Los orígenes regionales —y, por extensión, lingüísticos— de una obra de arte también determinan su apariencia. Los estudiosos y los museos a menudo deconstruyen el término amplio “arte islámico” en subcampos como las tierras árabes, el mundo persa, el subcontinente indio y otras regiones o por dinastía. La presentación del arte islámico en los museos a menudo se segmenta aún más en producción dinástica (ejemplo), lo que resulta en un énfasis en la producción cortesana y el patrocinio de la más alta calidad (ejemplo).

Estado del campo. El campo de la historia del arte islámico está experimentando actualmente un período de autorreflexión y revisión.

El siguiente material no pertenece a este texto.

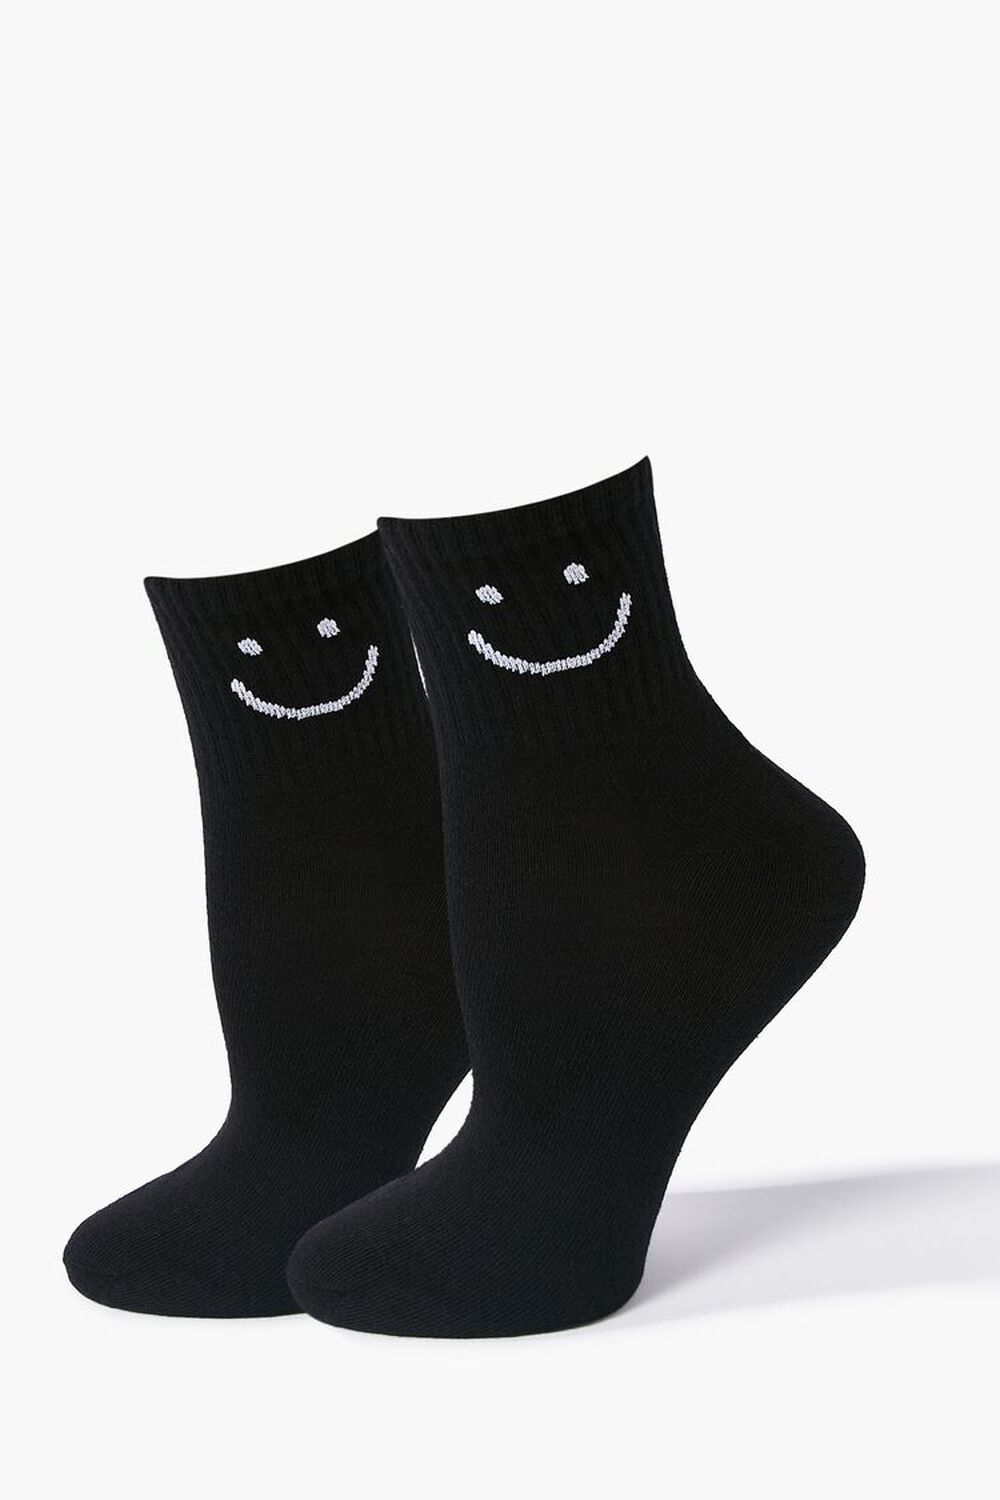 BLACK/WHITE Smiling Graphic Crew Socks, image 1

Públicamente, esto es más evidente en varias reinstalaciones importantes de museos (Museo Metropolitano de Arte, Louvre, Museo de Brooklyn, Colección David) que han ocurrido en la última década y algunas de las cuales todavía están en progreso. De preocupación central es la validez de la frase “Arte Islámico” para describir la cultura visual en cuestión. Algunos curadores y académicos han rechazado esta designación religiosa a favor de la especificidad regional (considere el nuevo nombre de las galerías del Museo Metropolitano de Arte) y han criticado sus orígenes monolíticos, eurocéntricos y religiosos. De hecho, aunque algunos ejemplos de arte y arquitectura islámica se hicieron con fines religiosos (un Corán para recitar en una mezquita), otros atendieron necesidades seculares (una ventana para decorar una casa). Además, hay muchos ejemplos de no musulmanes que crean obras de arte clasificadas como obras de arte “islámicas” o incluso “islámicas” creadas para mecenas no musulmanes. Estas realidades reconocidas, algunos académicos e instituciones han optado por enfatizar el componente islámico del “arte islámico” (considere el nombre de las renovadas galerías del Louvre, “Artes del Islam”, que se reabrió en el otoño de 2012).

La colección de la Fundación Doris Duke para el Arte Islámico (DDFIA), y su presentación en Shangri La, tiene mucho que aportar a estos diálogos globales en curso. En un momento en que la designación “arte islámico” se debate ferozmente, la colección DDFIA desafía las taxonomías existentes (artefactos etnográficos versus bellas artes; seculares versus religiosos; centrales versus periferia), al tiempo que estimula nuevas formas de pensar, definir y apreciar lo visual cultura.